Recently, the amount of studies on image classification has increased significantly due to its wide usage in many different applications, especially scene illumination classification, which focuses on classifying the properties of light in the scene to prepare them for further applications like correction.

Scene illumination classification can be helpful in object recognition and detection, white balance, color constancy, color reproduction, illumination correction, intelligent vehicle and robot navigation.Citation1,Citation2

The huge progress in imaging systems enables users to capture images with very high resolution, such as 15 to 20 megapixels, even for compact cameras for home entertainment. Although super high resolution cameras that are able to take photos with resolutions up to a couple of gigapixels are on the way to the market, these high resolution images bring various side effects for applications that want to use them. For instance, transferring, storing, retrieving, querying and processing will be more costly. In addition, many applications are not able to process high resolution images due to their limitations. The hypothesis that “a higher resolution will to better performance” is widespread.

The question of “Do high resolution images deliver better performance?” is a general question that can be modified to any image processing system or method and has been previously explored by various studies to answer the aforementioned concern. The motivation behind this study is to answer the above question in scene illumination classification field and to propose the optimum resolution. Finding this optimised resolution has some major achievements. First, delivering better performance and accuracy. Second, reduce the processing load by avoiding processing the unnecessary high resolution images and subsequently decrease the response time of the system.

The relationship of image resolution and performance of face recognition has been the subject of many studies.Citation3Citation5 In summary, the findings of such research demonstrate that the performance of the face recognition system will remain constant by reducing the image resolution; however, this trend will only continue up to a certain threshold by decreasing the resolution, after which the performance will deteriorate.Citation6 In Ref. 3, the authors investigated the effect of image resolution on the performance of a face recognition system. This experiment is done in three parts: face detection, face registration and normalisation and face recognition. The experiment is repeated for the same images but various resolution starting from 128 × 128 to 8 × 8 and each time tested on separate face components. Their results proved that the face recognition system is not very sensitive to image resolution, and moreover, good accuracy can still be obtained by reducing the image resolution to 32 × 32 pixels.

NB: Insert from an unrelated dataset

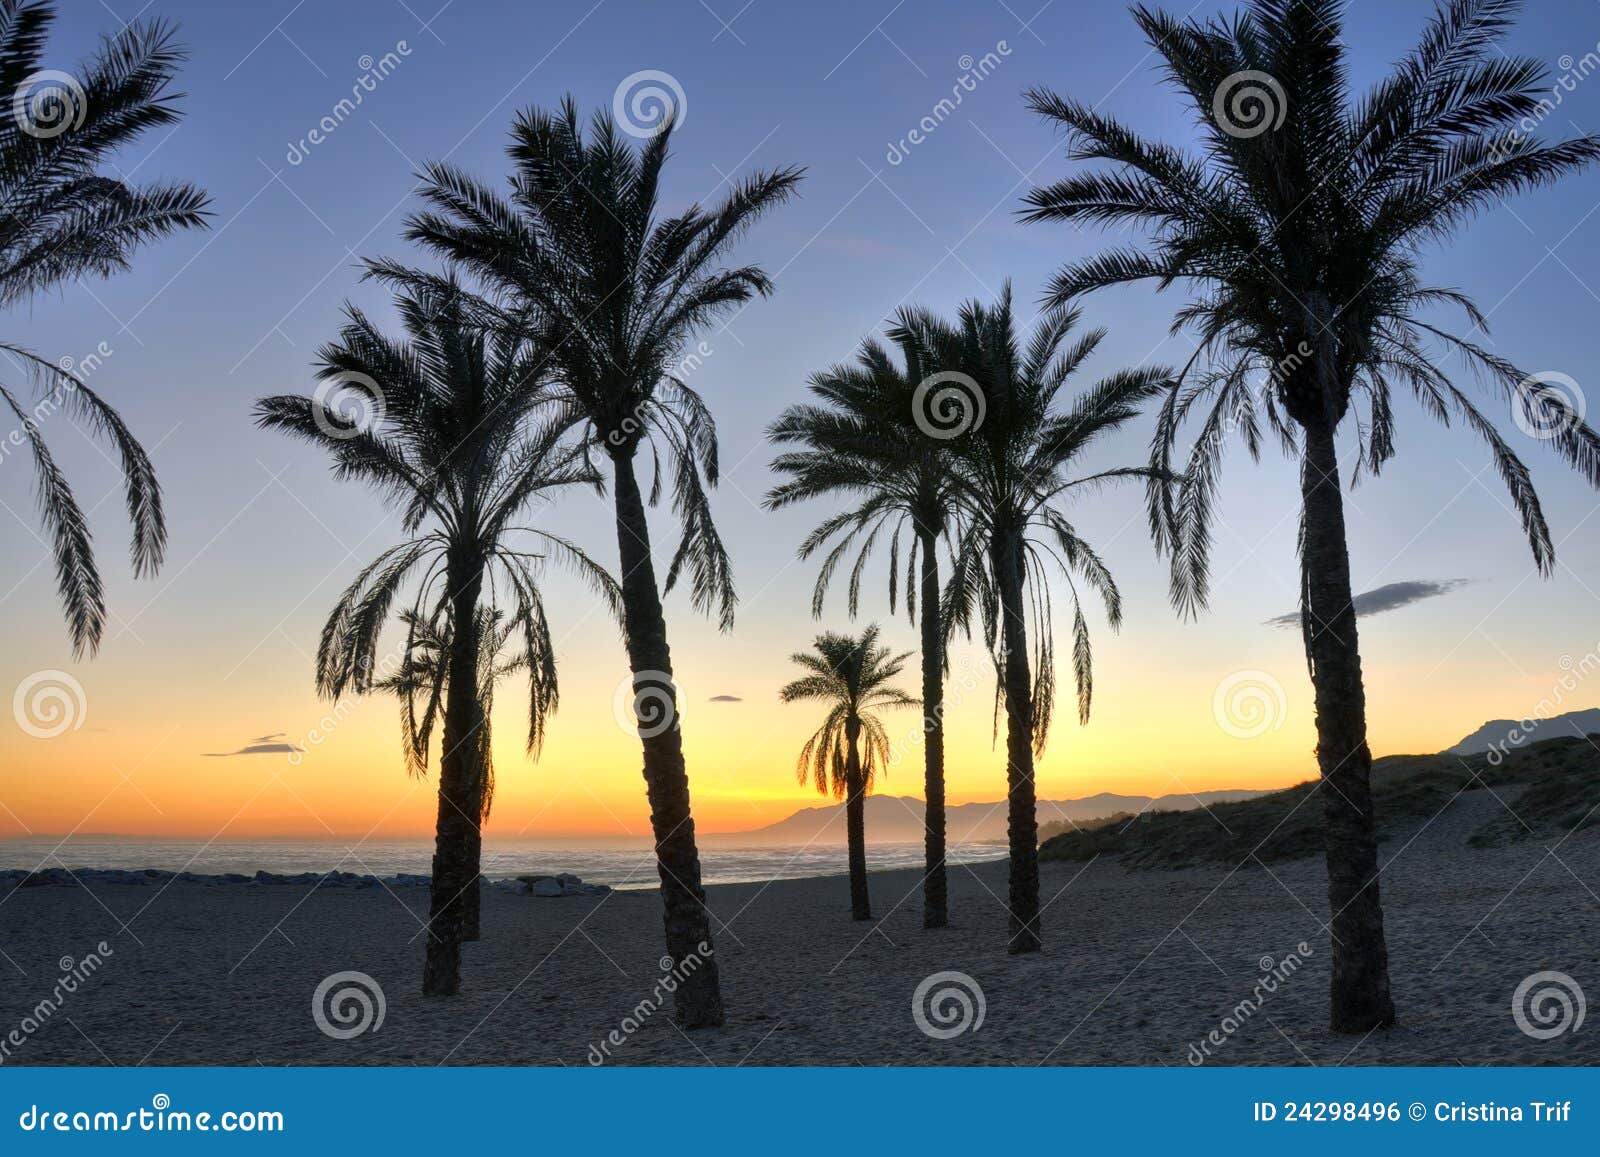 palm tree silhouettes - costa del sol

In a separate study,Citation7 the authors try to know “Are high resolution images are more effective in face recognition results?” The results achieved by this study also demonstrate that relatively low resolution images perform better than high resolution representation. In this study, a neural network is applied to accomplish the recognition with the basic assumption of “high resolution images the amounts of noise contaminated pixels are higher.”

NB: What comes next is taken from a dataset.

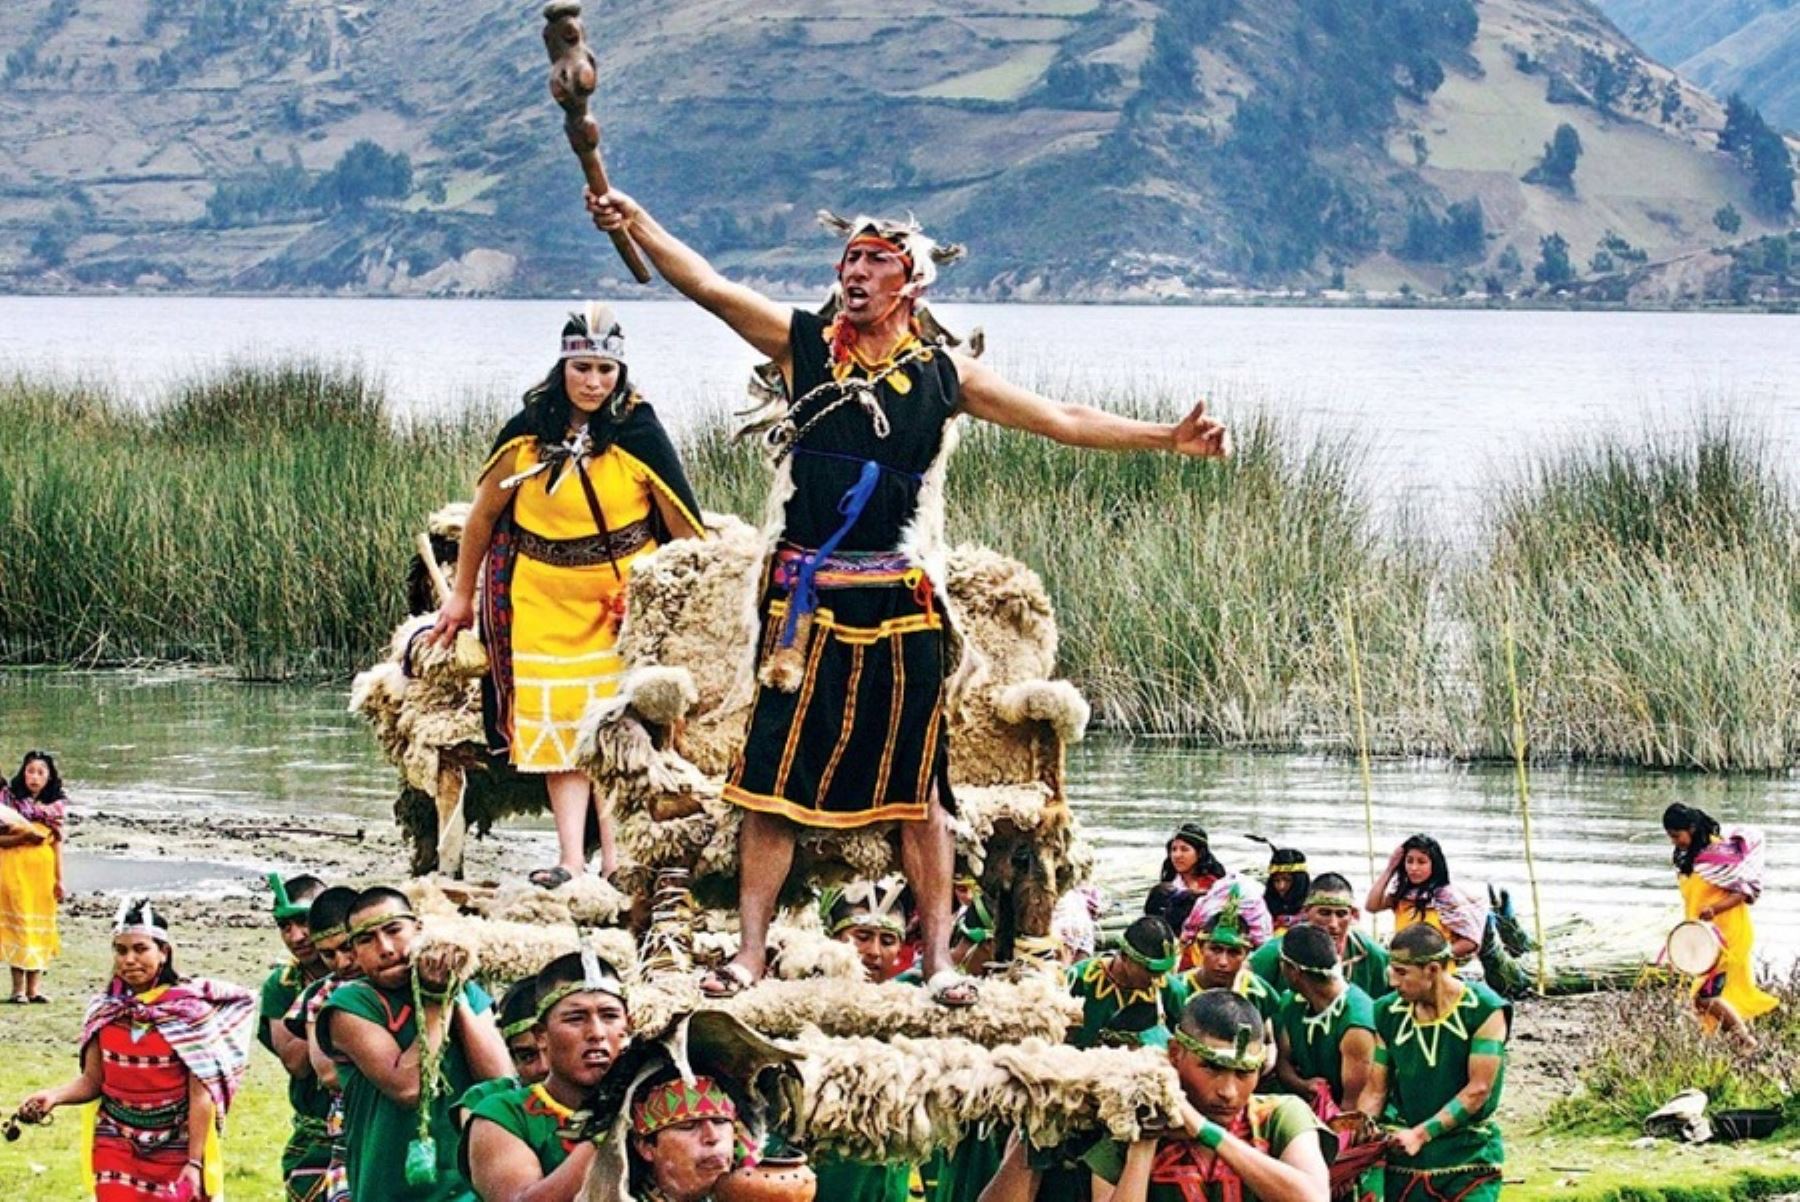 Considerada una epopeya que reivindica el valor y la identidad de un pueblo que no quiso someterse a la creciente expansión territorial de los incas, la festividad del Sondor Raymi, que se celebra este mes de junio, es una de las más emblemáticas del calendario jubilar de la región Apurímac.

Nevertheless, low resolution images have been acknowledged to be suitable for certain applications. However, decreasing the image resolution increases the effect of noise, which means these tiny images are not appropriate for some general purposes.Citation8 The experiment done in Ref. 8 shows that full resolution images delivered better accuracy compared to resized images in terms of non-parametric object recognition. This can be related to the types of feature applied in the experiment.

In the multimedia field, this issue has been addressed by various studies that focused on object or movement recognition. For example, in order to boost the accuracy of detecting a full 3D body scan, the approach of using high resolution images was proposed.Citation9 However, this approach was later implemented by combining several low resolution images from multiple views.Citation10 Such a method not only benefits from low resolution images but also obtained more accurate representation compared to its predecessors.

In medical imaging, one study focused on surveying the effect of the image resolution on the accuracy of its system. The final presented results showed that a higher image resolution leads to better accuracy, albeit there is some limitation in increasing the image resolution due to the increased amount of noise.Citation11

Methodology

The methodology that is used for this study is a neural network based classification consisting of seven main steps. The steps are shown in .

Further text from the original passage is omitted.